Niall Murphy, CEO e co-fundador da EVRYTHNG explica :

A realidade é quando você olha para o comportamento do consumidor, e o que eles querem, são coisas muito simples. Eles querem entender como algo foi feito, como cuidar da peça adequadamente e detalhes sobre suas propriedades.

É para marcas que essa etiqueta à moda Internet das Coisas se mostra mais interessante, pelo menos em um primeiro momento. Ao criar a identidade digital de uma peça, as empresas poderão ensinar o cliente a lavar adequadamente determinado tecido e até dar sugestões de como combinar tal produto com outros. Mais do que isso, tais identificadores vão ajudar as marcas a conhecer melhor seus clientes, o que compram, e também combater a pirataria, um grande problema da indústria da moda segundo Murphy.

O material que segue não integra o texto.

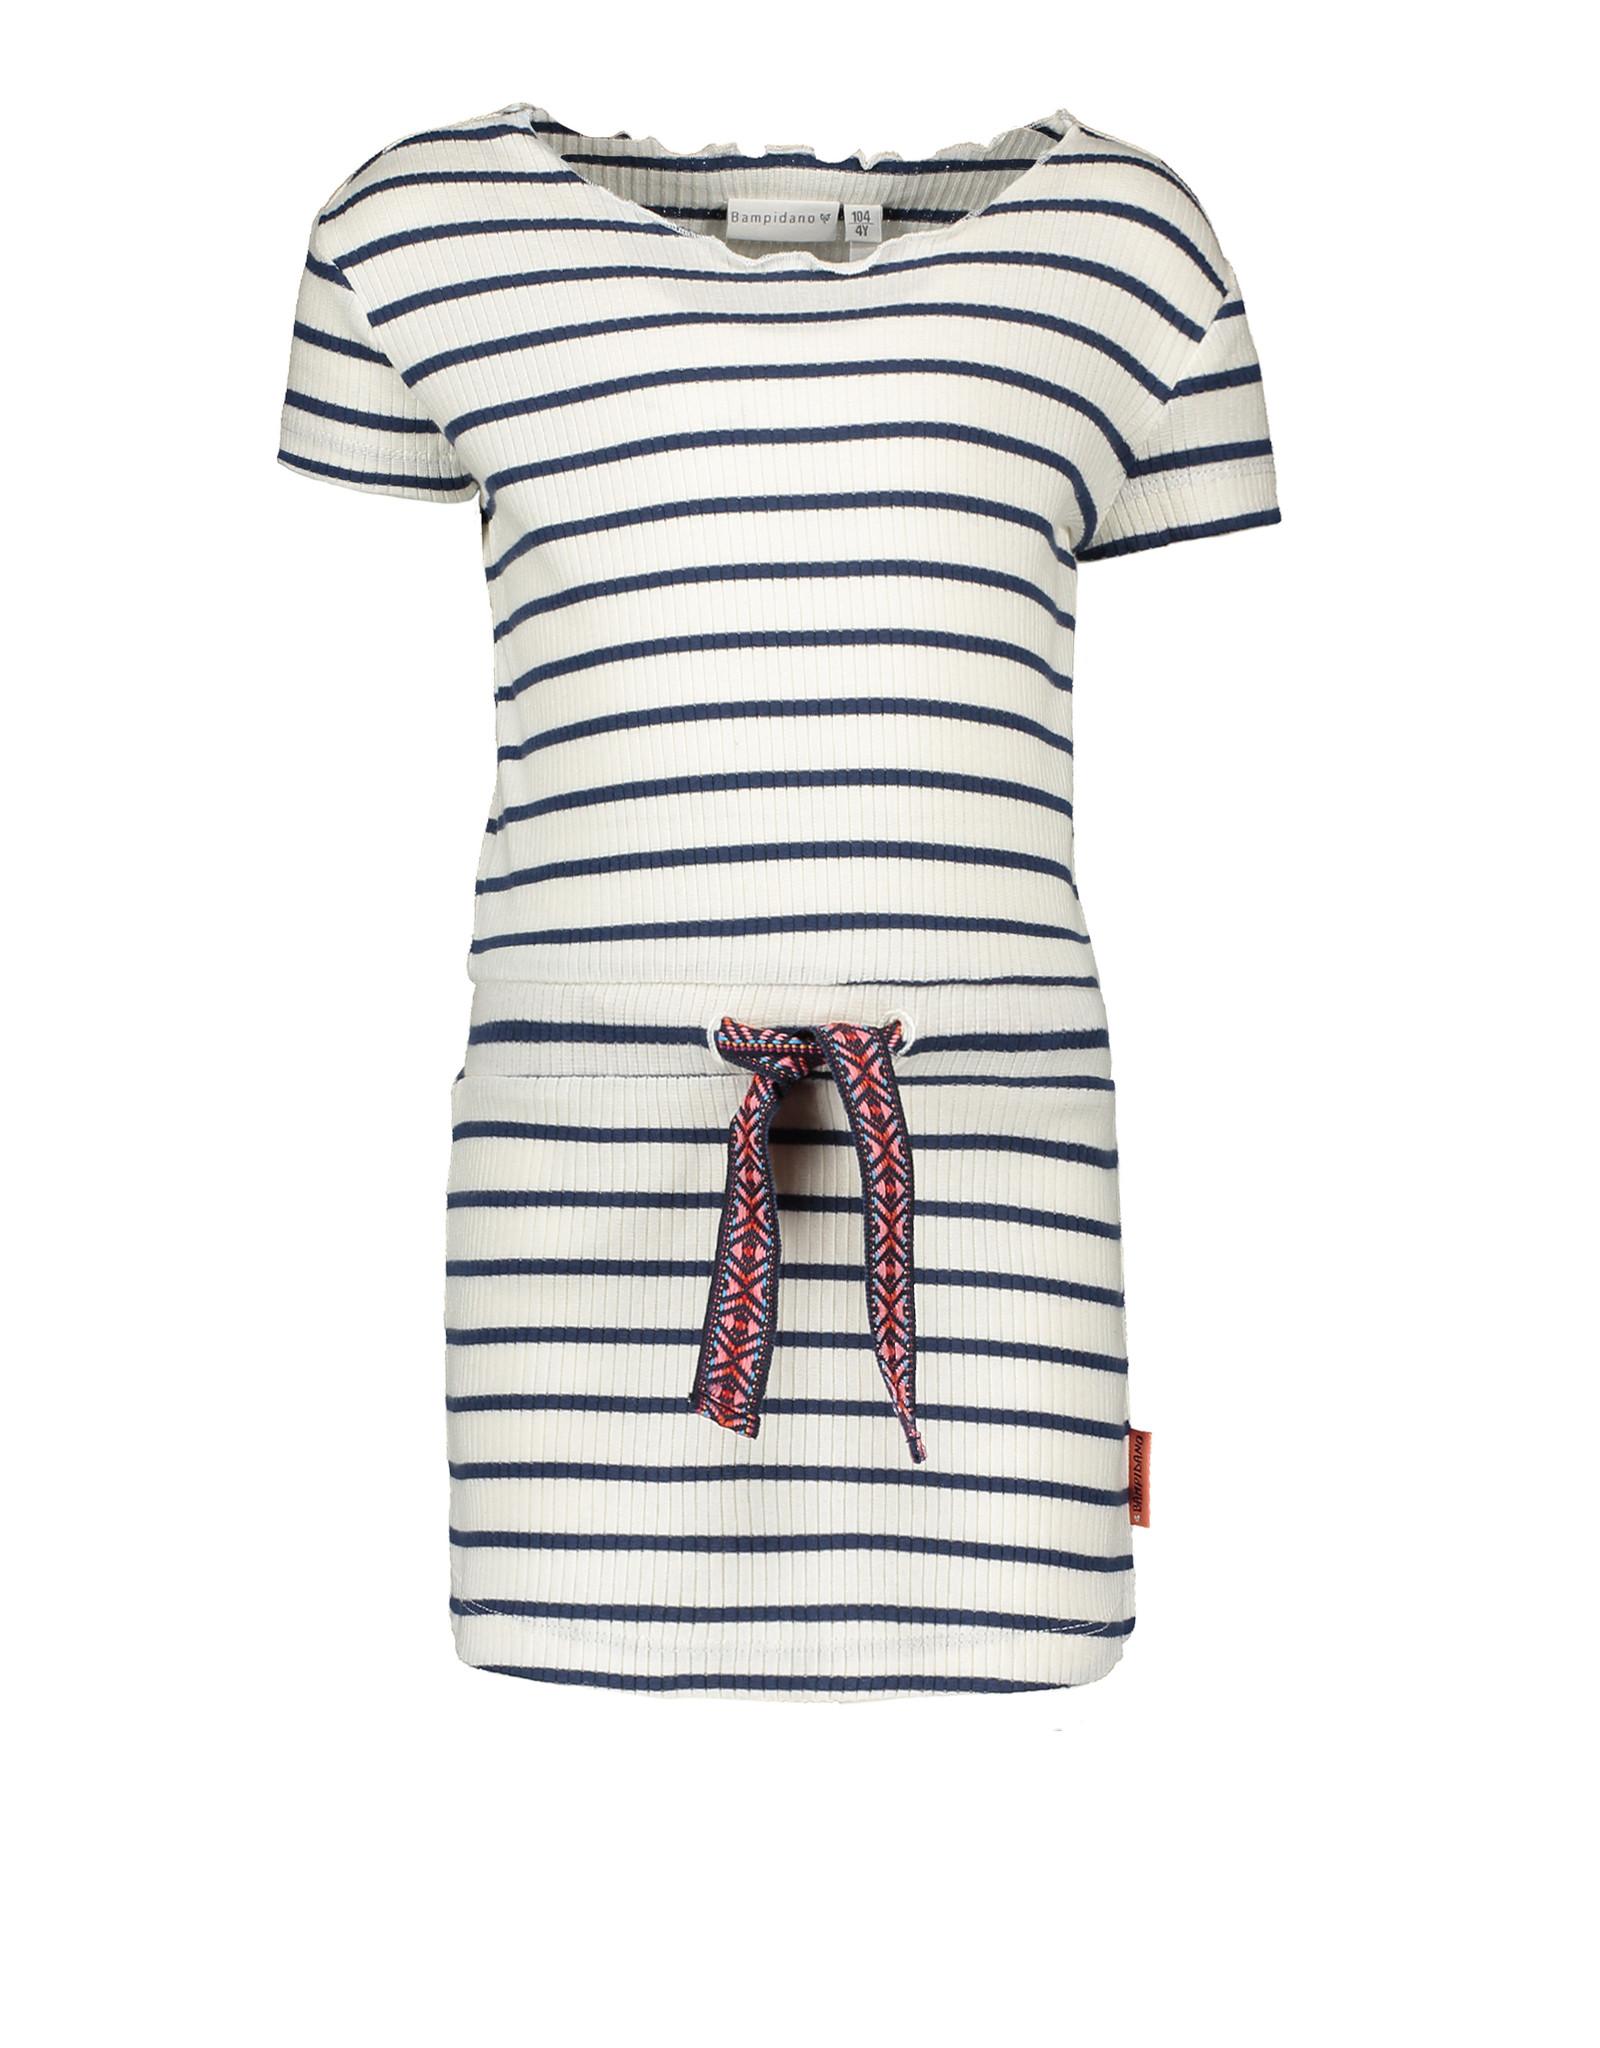 Bampidano Bampidano Junior Girls rib short sleeve dress Disa yd stripe NATURE

E a privacidade na Internet das Coisas?

Tudo isso ainda é muito novo, inclusive para a Internet das Coisas, e questões como segurança e privacidade veem à tona. Mas e todos esses dados gerados, como ficam? Murphy lembra que suas etiquetas não serão uma espécie de Big Brother e não vão sair coletando informações por aí. A ideia é que quando usuário quiser, e der permissão para isso, elas serão inteligentes, ajudando-o a cuidar melhor daquele vestido predileto ou mesmo avisando quando sai a próxima coleção que é a sua cara.